Let $A=(a_{ij})\in M_n$ be an arbitrary matrix and let
$A_1=\begin{pmatrix}
a_{11}\\
a_{21}\\
\vdots\\
a_{n1}\\
\end{pmatrix}$
$A_2=\begin{pmatrix}
a_{12}\\
a_{22}\\
\vdots\\
a_{n2}\\
\end{pmatrix}\ldots$
$A_n=\begin{pmatrix}
a_{1n}\\
a_{2n}\\
\vdots\\
a_{nn}\\
\end{pmatrix}\in M_{n1}$ be columns of $A$. Prove that if the set$\{A_1,A_2,…,A_n\} $ is linearly dependent in vector space $M_{n1}$, then $\det A=0$.
I know this already has an answer here but I don't understand OP's solution.
$\lambda_1 A_1 + \ldots + \lambda_n A_n = 0$ where not all $\lambda_i$ are zero.
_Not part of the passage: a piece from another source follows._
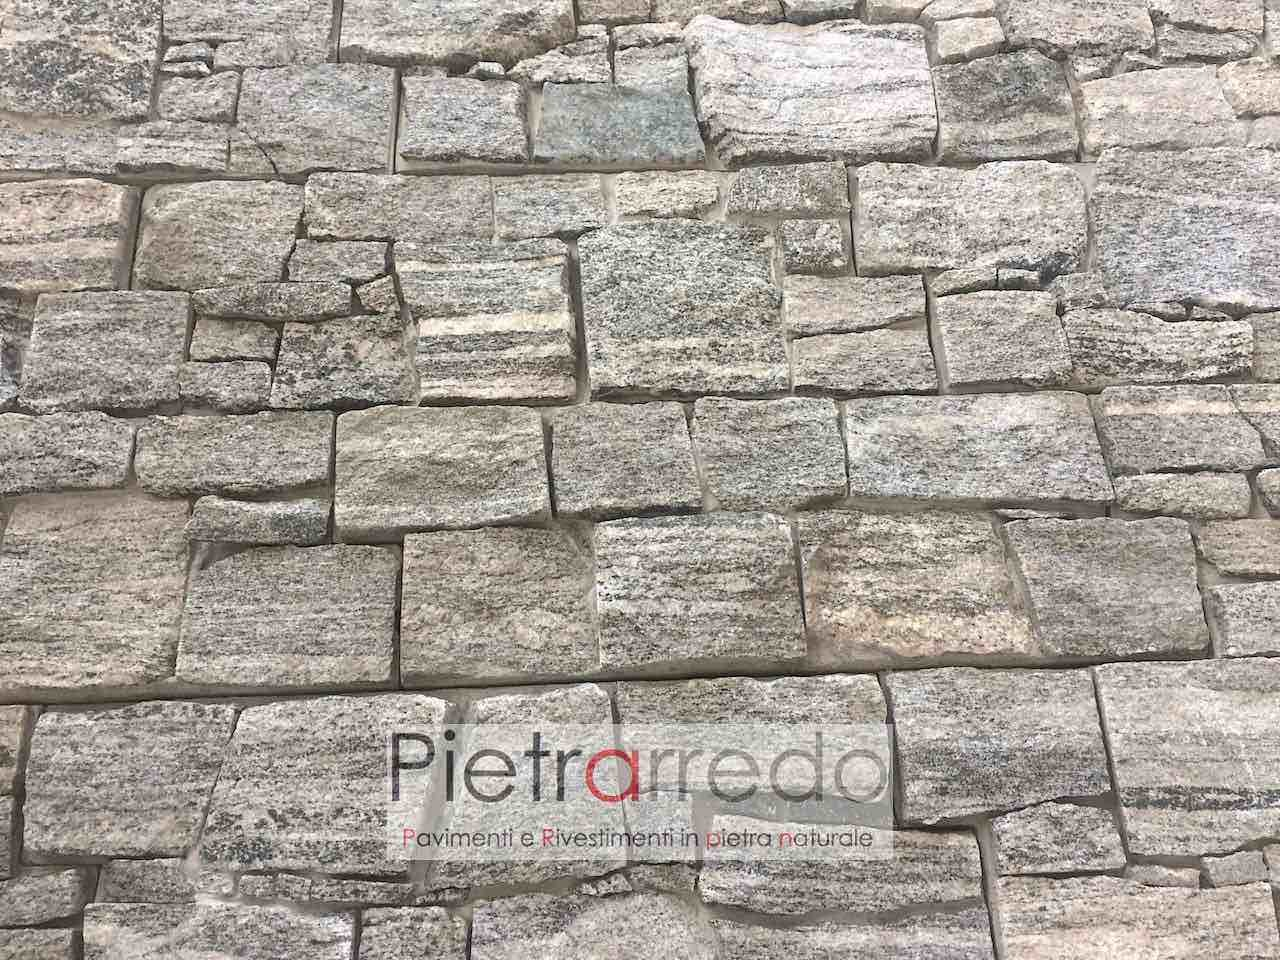 Rivestimento Pietra Beola Grigia -50% - Pietrarredo- OFFERTA €85/MQ

Suppose that $\lambda_1 \neq 0$. Then we get \begin{align*} A_1 = – \frac{\lambda_2}{\lambda_1} A_2 – \ldots – \frac{\lambda_n}{\lambda_1} A_n. \end{align*}
Now what happens after that, with the determinant?
Best Answer
Since exchanging two columns only switches sign to the determinant, it is not restrictive to assume that the last column is a linear combination of the previous $n-1$ columns: $$ A_n=\alpha_1A_1+\dots+\alpha_{n-1}A_{n-1} $$ By multilinearity of the determinant, you have $$ \det A= \det\begin{bmatrix} A_1 & \dots & A_{n-1} & \sum\limits_{i=1}^{n-1}\alpha_iA_i\end{bmatrix}= \sum_{i=1}^{n-1}\alpha_i \det\begin{bmatrix} A_1 & \dots & A_{n-1} & A_i\end{bmatrix}=0 $$ because a matrix with two equal columns has zero determinant again by the above mentioned property above that exchanging two columns changes the sign of the determinant.
With $\begin{bmatrix} v_1 & \dots & v_{n-1} & v_n\end{bmatrix}$ I denote the matrix whose columns are the column vectors $v_1,\dots,v_{n-1},v_n$.